■ Exercise
Restate the full listing word for word and leave the pictures out.

■ Data section
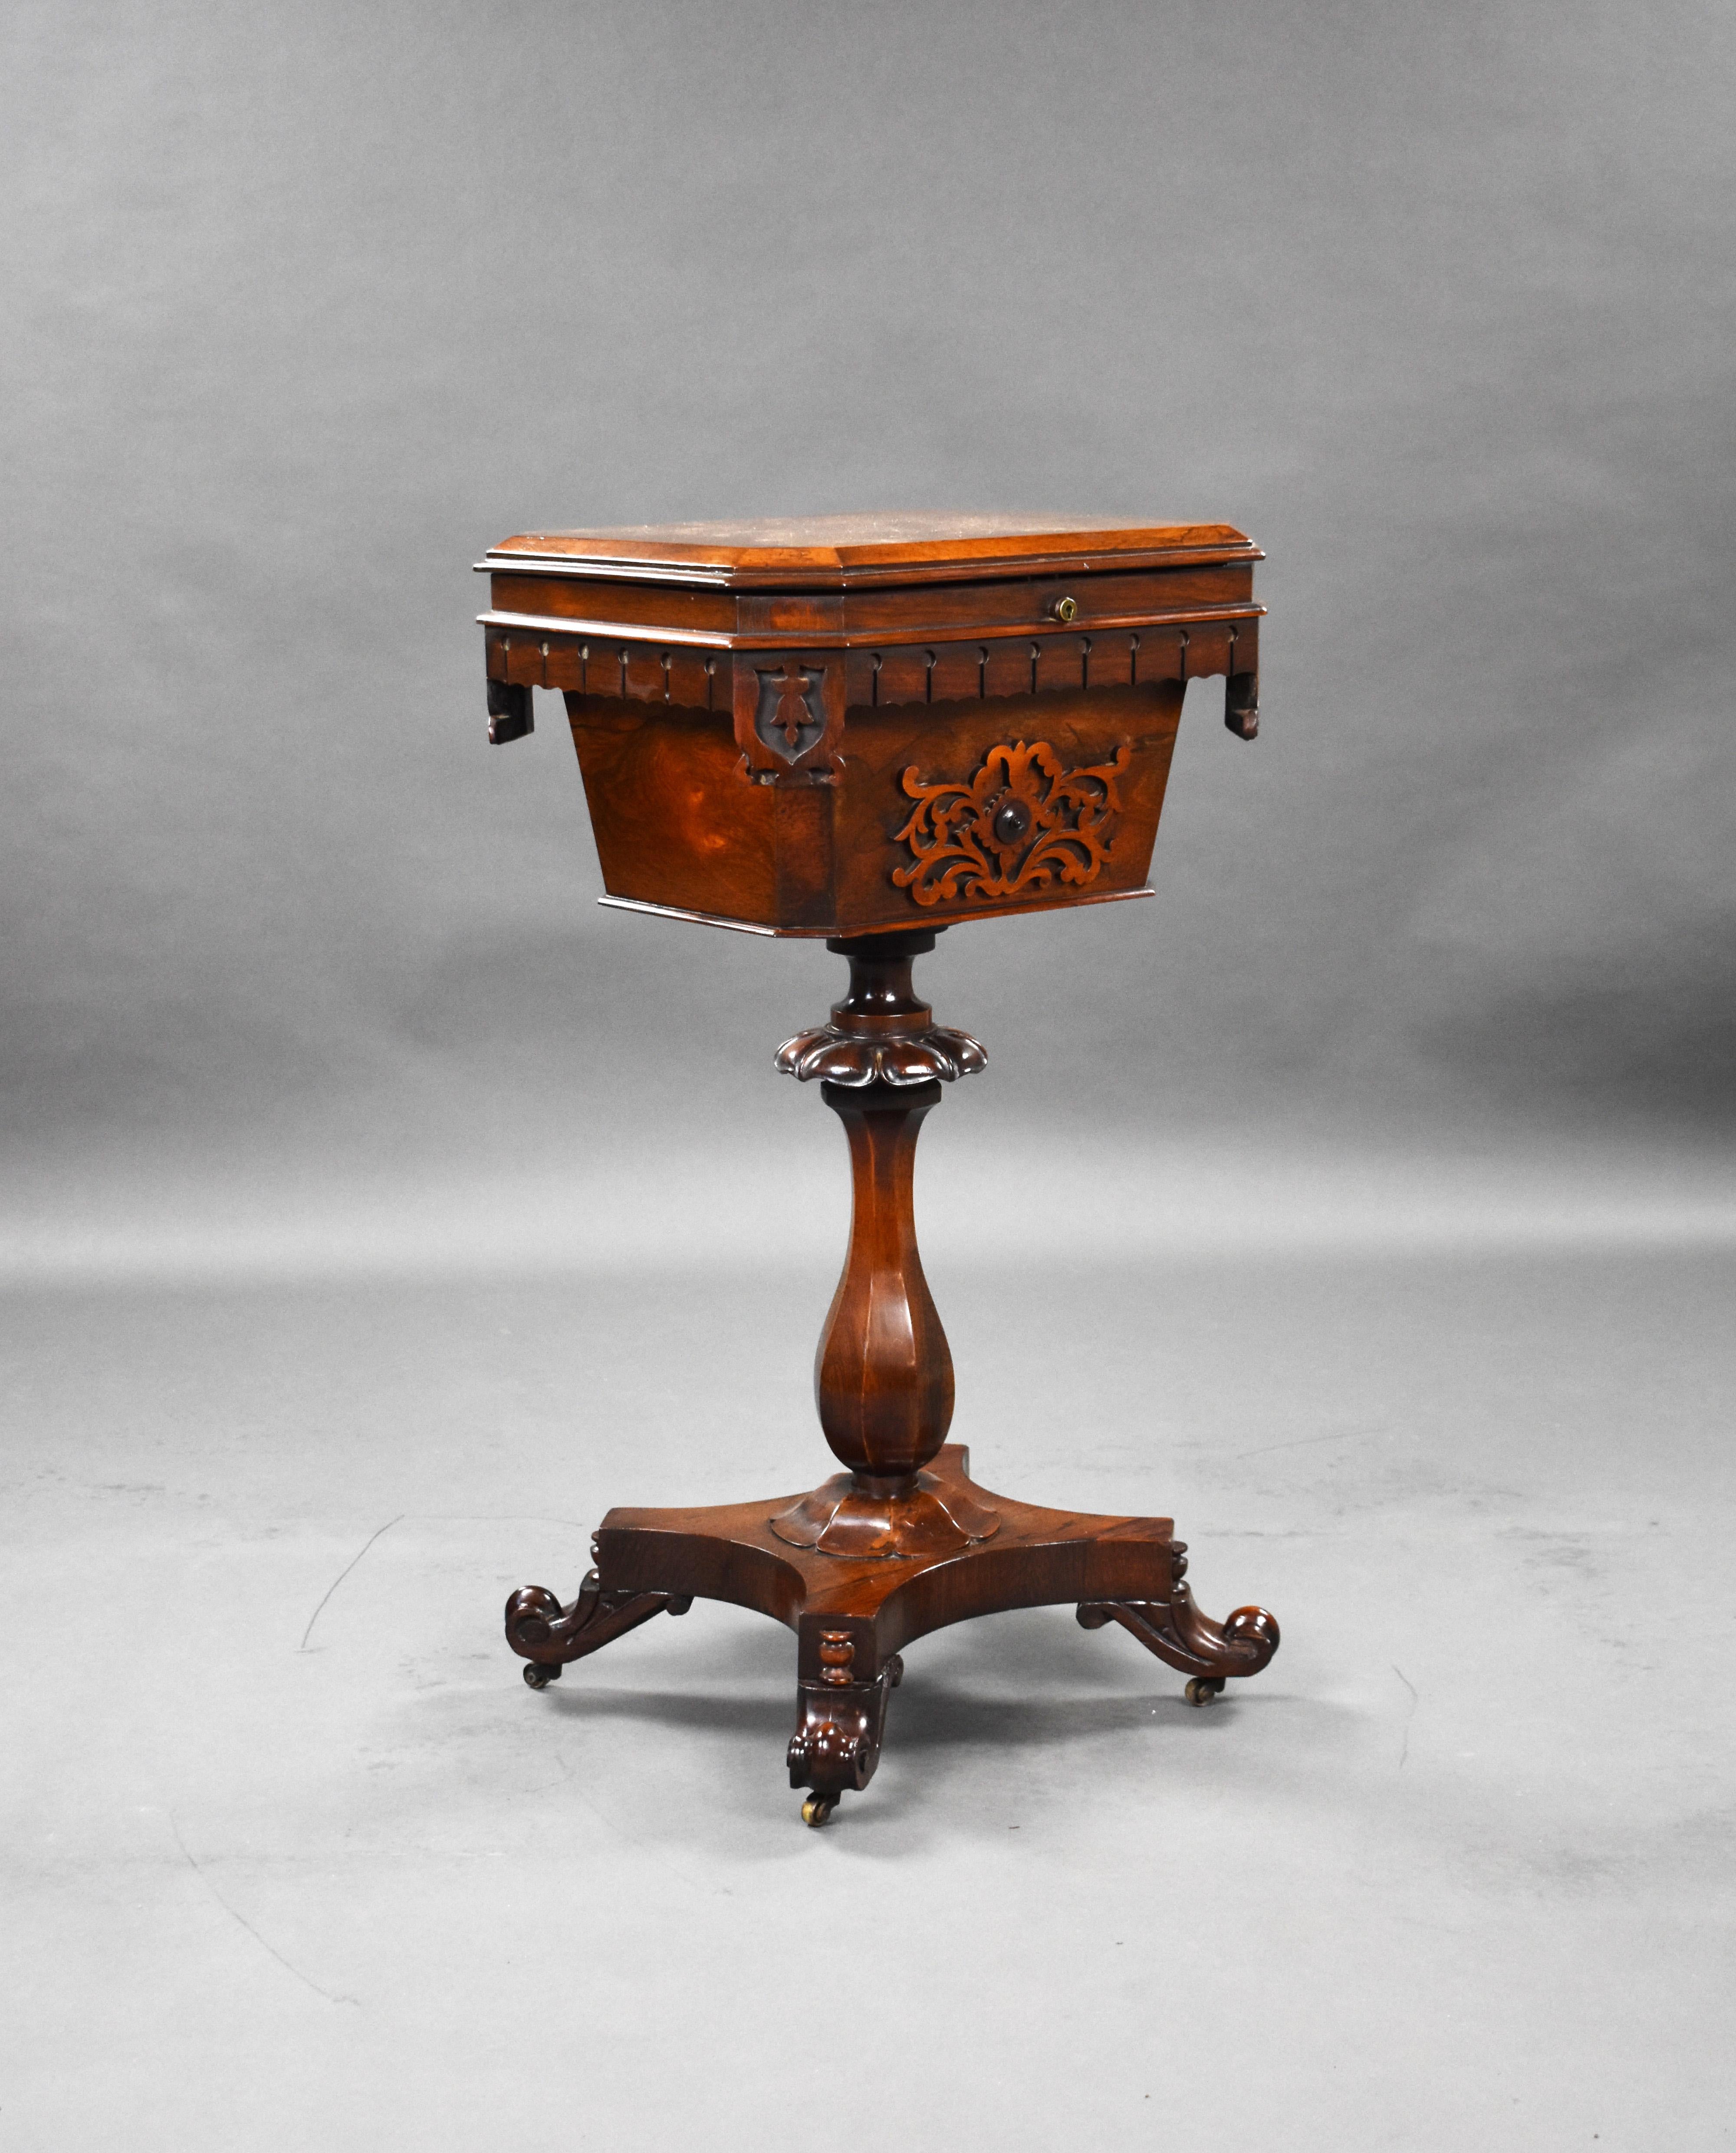 For sale is a good quality William IV rosewood tea poy, opening to a fitted interior retain its original glass bowls, above a turned stem over a platform base, standing on elegant feet raised on original castors. The tea poy remains in very good
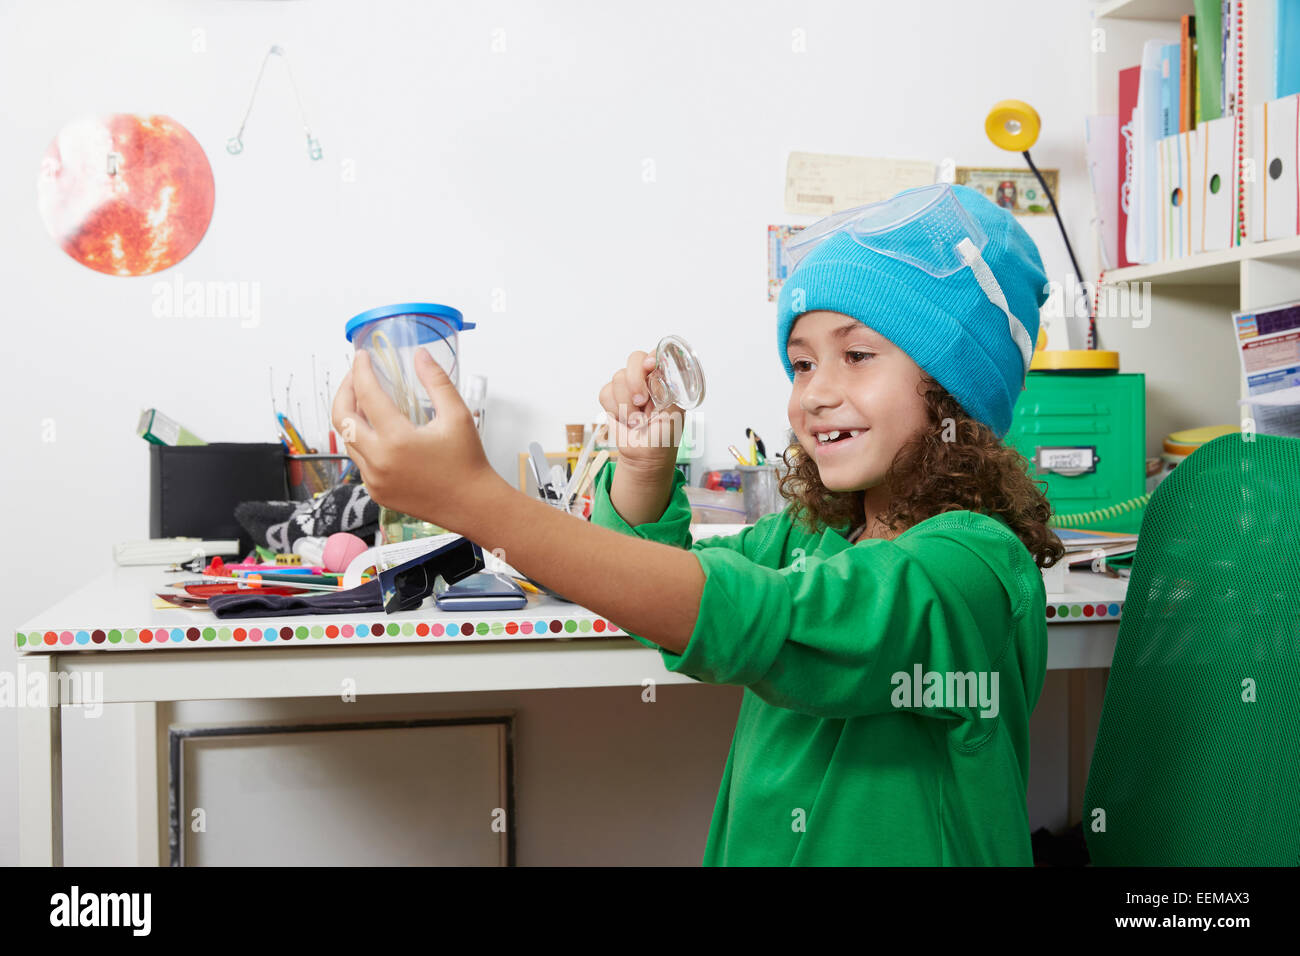 Mixed race girl doing science experiments at desk Stock Photo
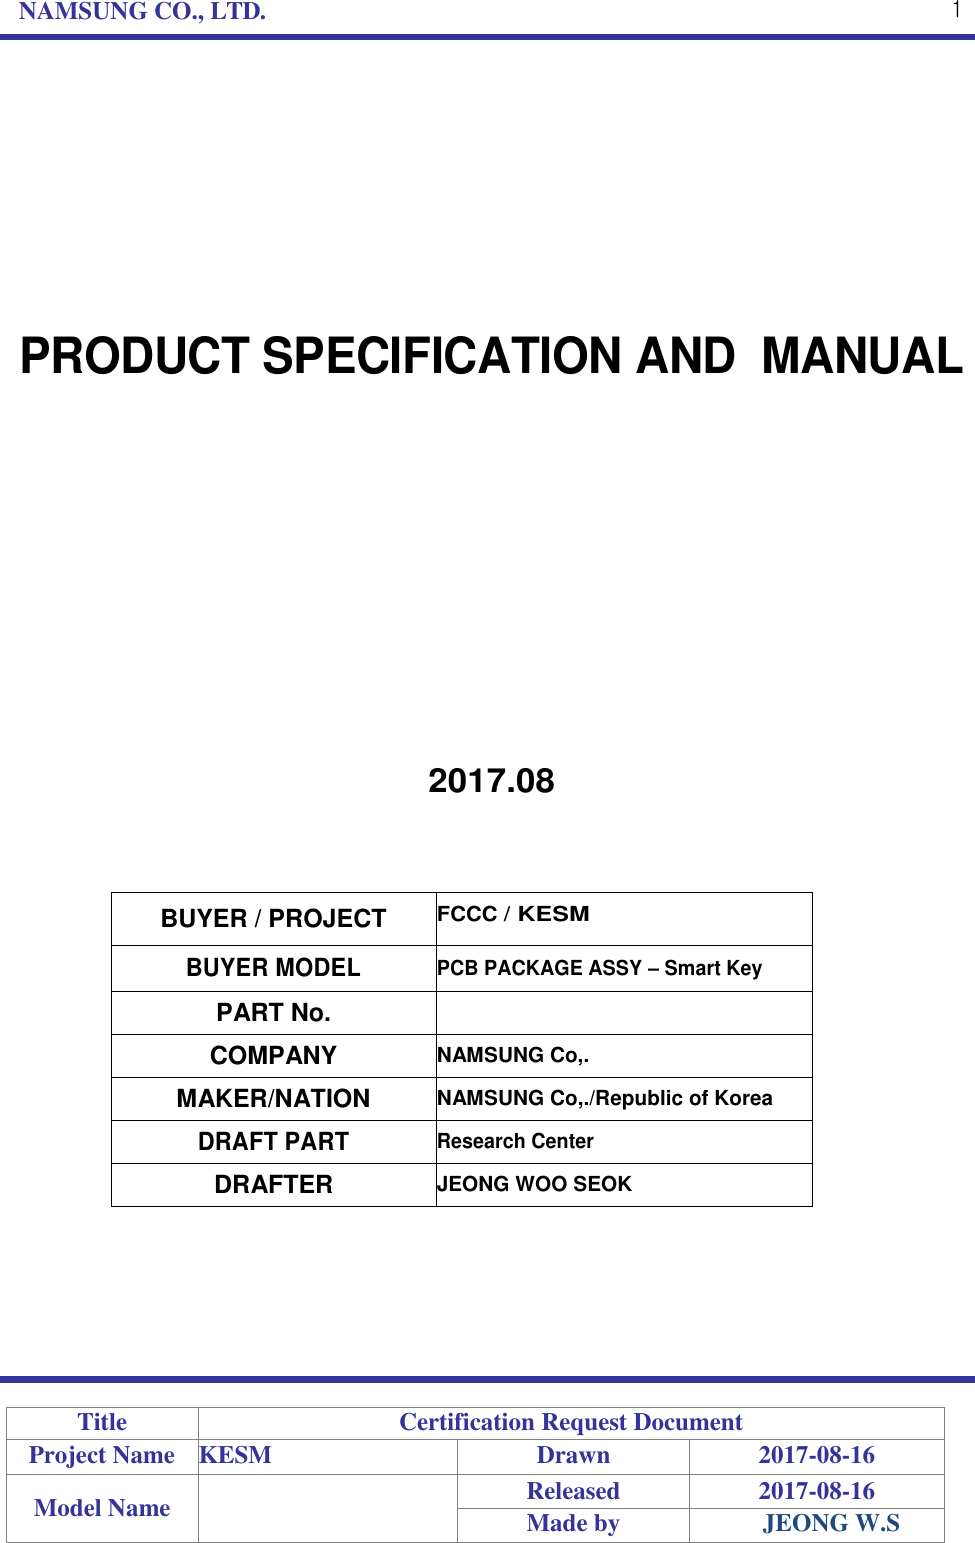 NAMSUNG CO., LTD. 1 PRODUCT SPECIFICATION AND  MANUAL 2017.08 BUYER / PROJECT FCCC / KESM BUYER MODEL PCB PACKAGE ASSY – Smart Key PART No. COMPANY NAMSUNG Co,. MAKER/NATION NAMSUNG Co,./Republic of Korea DRAFT PART Research Center DRAFTER JEONG WOO SEOK Title Certification Request Document Project Name KESM Drawn 2017-08-16 Model Name Released 2017-08-16 Made by JEONG W.S

■ Output for this exercise
 For sale is a good quality William IV rosewood tea poy, opening to a fitted interior retain its original glass bowls, above a turned stem over a platform base, standing on elegant feet raised on original castors. The tea poy remains in very good
 Mixed race girl doing science experiments at desk Stock Photo
 NAMSUNG CO., LTD. 1 PRODUCT SPECIFICATION AND  MANUAL 2017.08 BUYER / PROJECT FCCC / KESM BUYER MODEL PCB PACKAGE ASSY – Smart Key PART No. COMPANY NAMSUNG Co,. MAKER/NATION NAMSUNG Co,./Republic of Korea DRAFT PART Research Center DRAFTER JEONG WOO SEOK Title Certification Request Document Project Name KESM Drawn 2017-08-16 Model Name Released 2017-08-16 Made by JEONG W.S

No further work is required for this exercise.